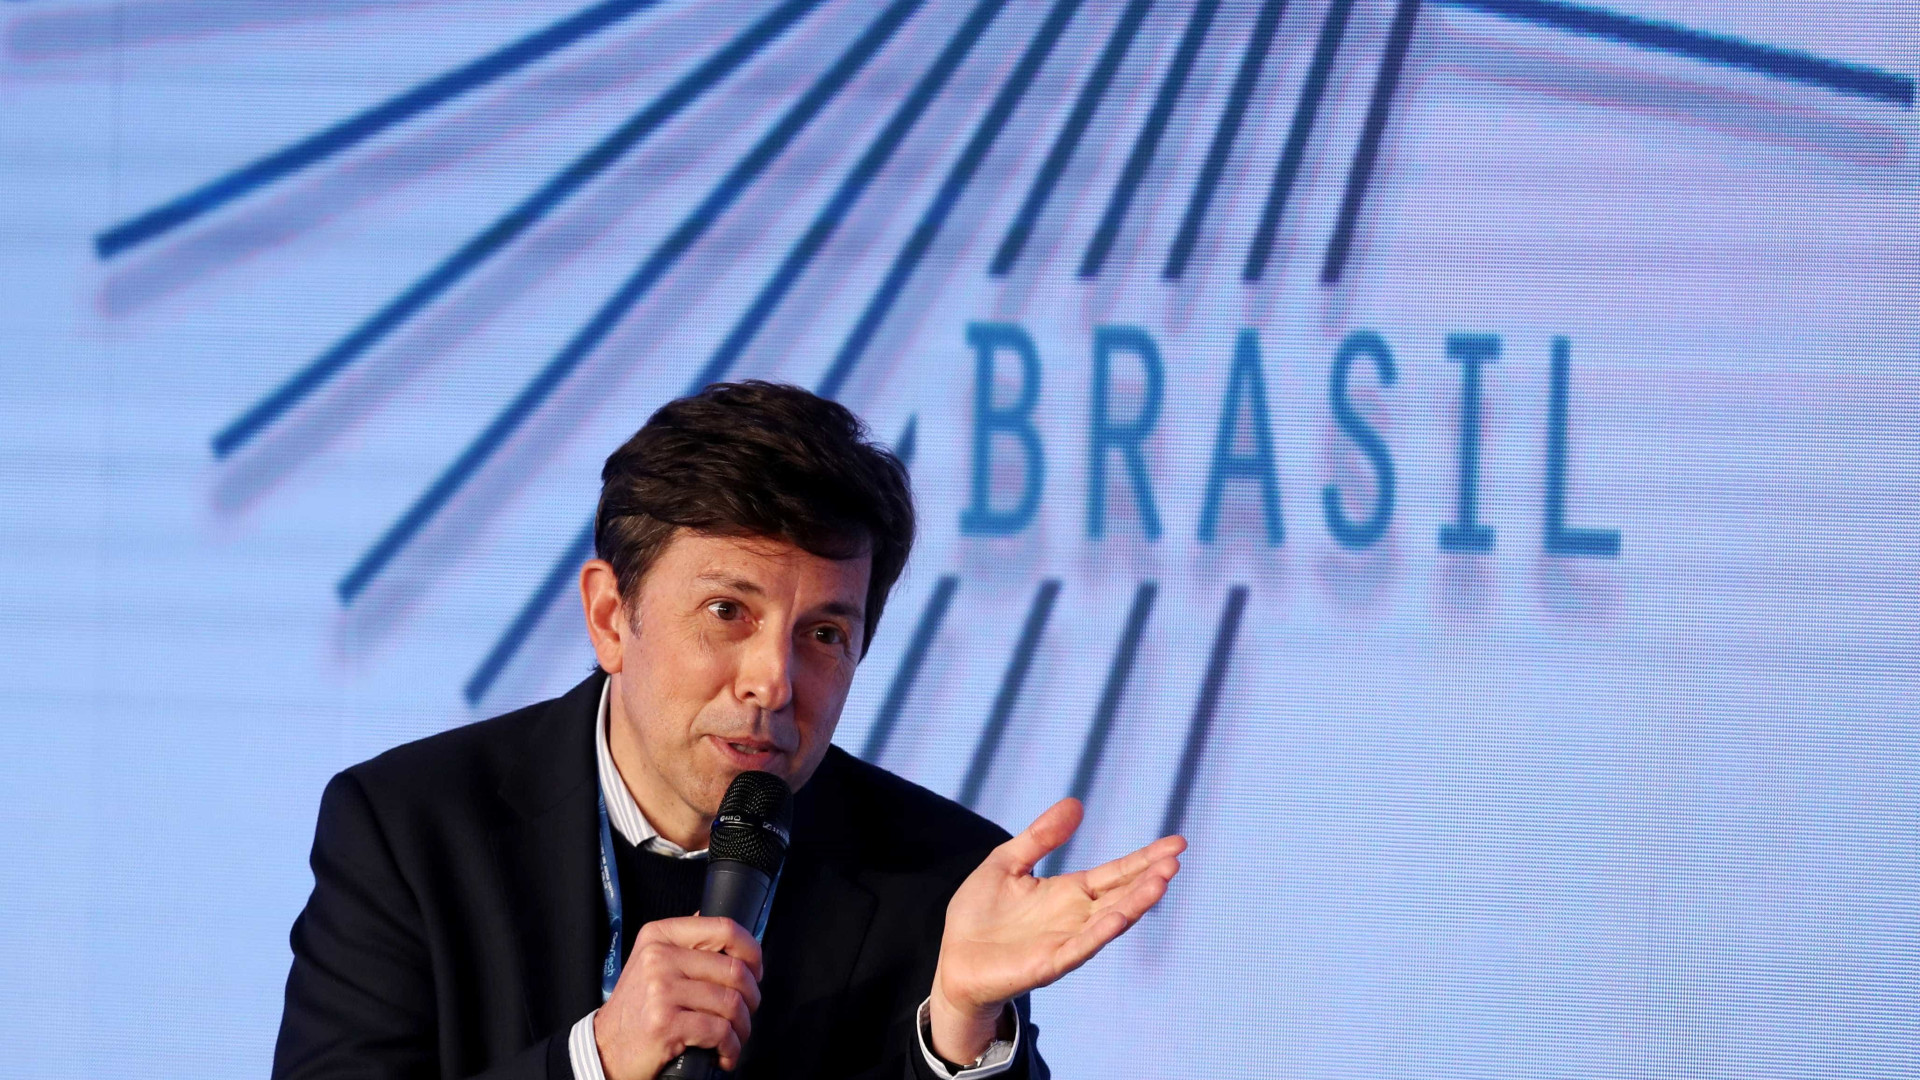 Partido Novo se posiciona contra PT, mas não declara apoio a Bolsonaro
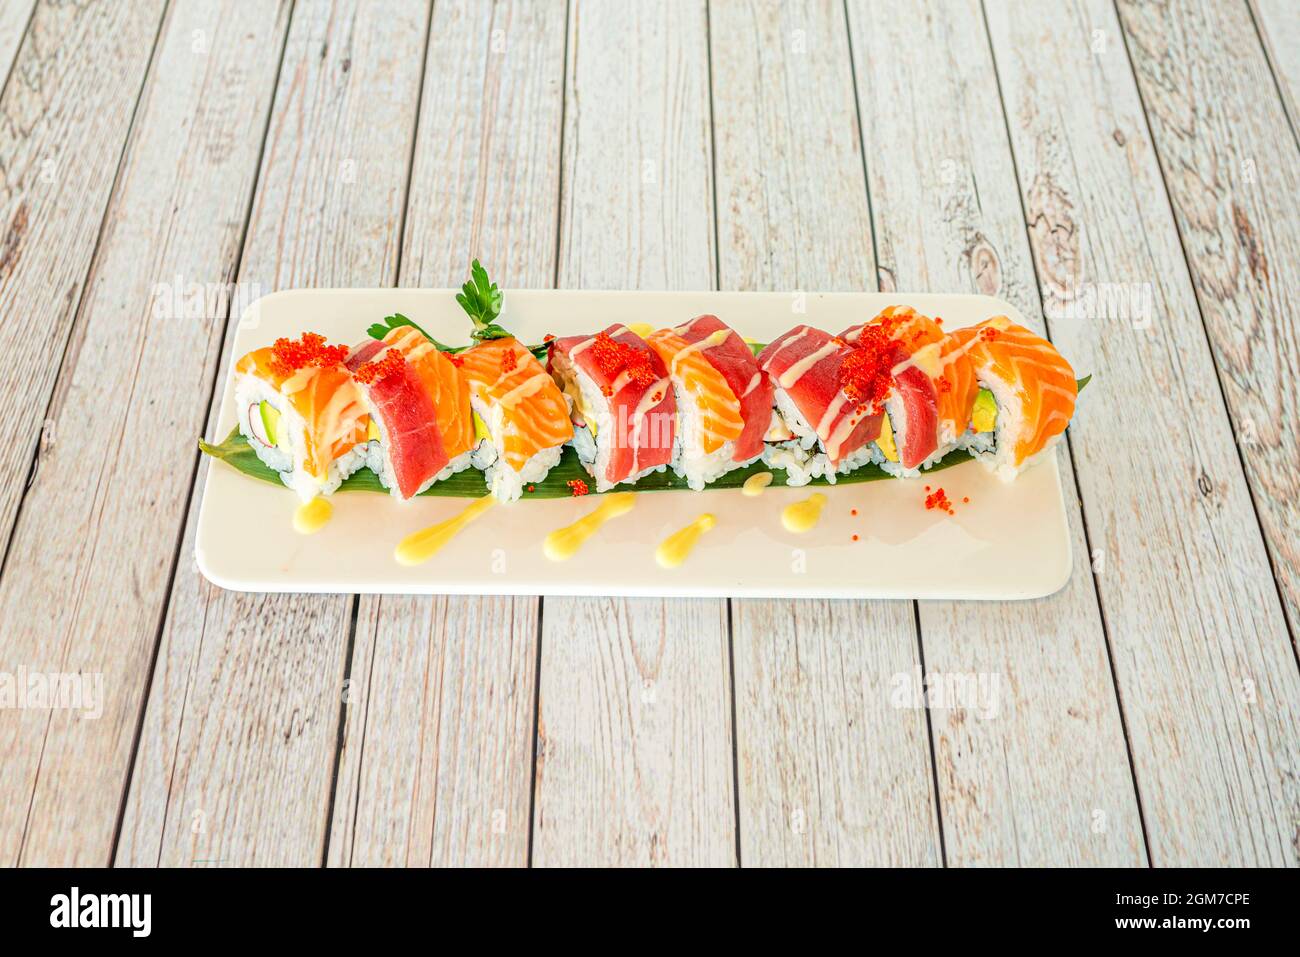 Roul de sushi uramaki mélangé avec du thon rouge et du saumon norvégien, recettes avocat, surimi, macago roe et algues nori Banque D'Images
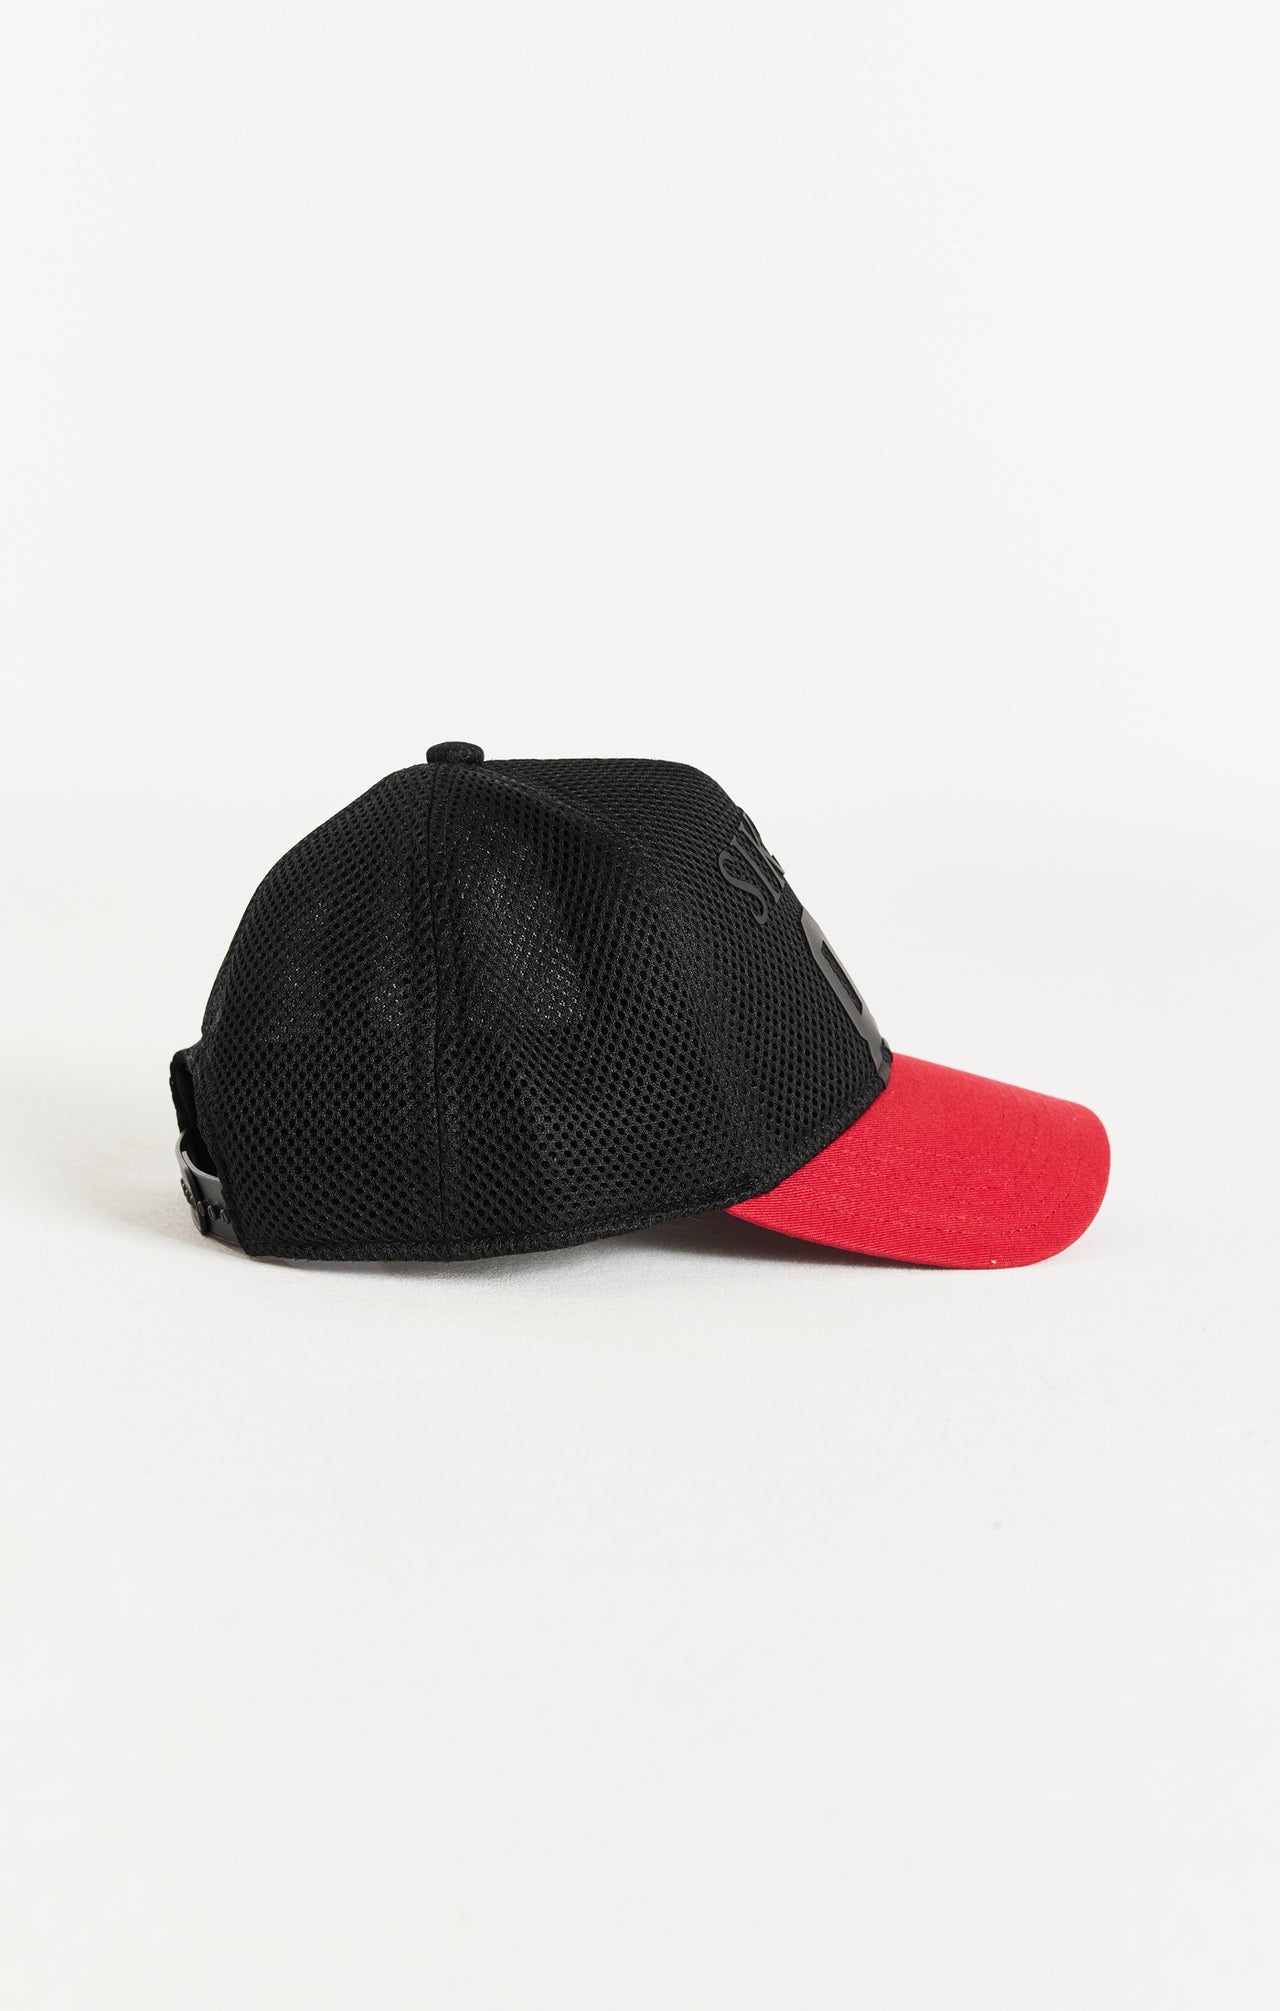 SikSilk Full Mesh 89 Cap - Black & Red (2)
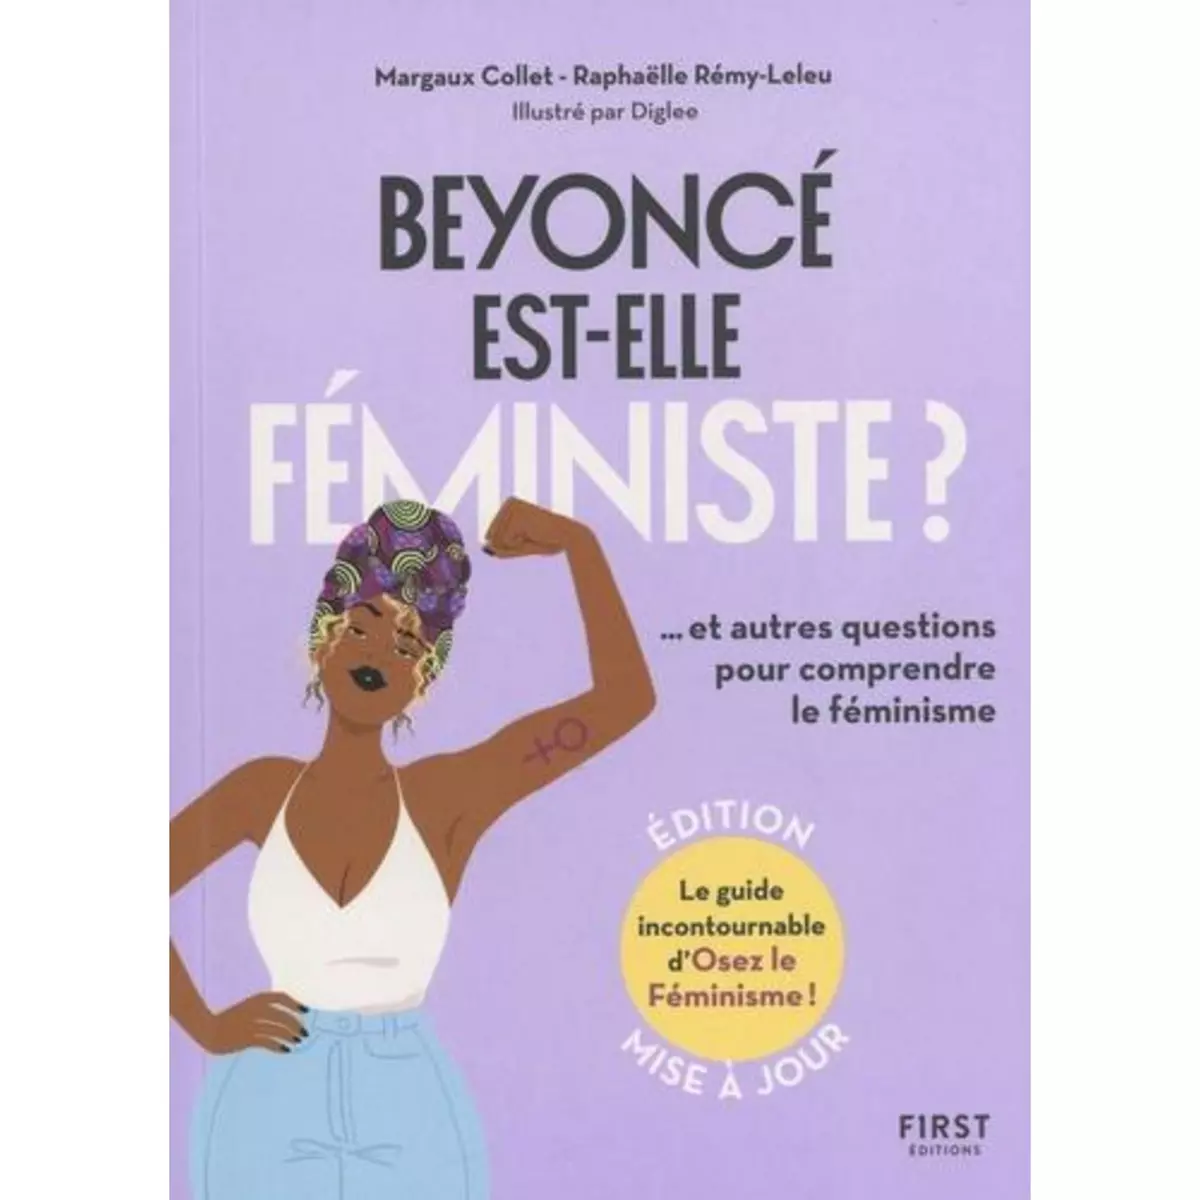  BEYONCE EST-ELLE FEMINISTE ? ET AUTRES QUESTIONS POUR COMPRENDRE LE FEMINISME, 2E EDITION ACTUALISEE, Collet Margaux

* * * *

[YOUR OBJECTIVE]: Reproduce every line of the material precisely, omitting its pictures.

[SOLUTION]:
 Partido Novo se posiciona contra PT, mas não declara apoio a Bolsonaro
 Roul de sushi uramaki mélangé avec du thon rouge et du saumon norvégien, recettes avocat, surimi, macago roe et algues nori Banque D'Images
 SikSilk Full Mesh 89 Cap - Black & Red (2)
  BEYONCE EST-ELLE FEMINISTE ? ET AUTRES QUESTIONS POUR COMPRENDRE LE FEMINISME, 2E EDITION ACTUALISEE, Collet Margaux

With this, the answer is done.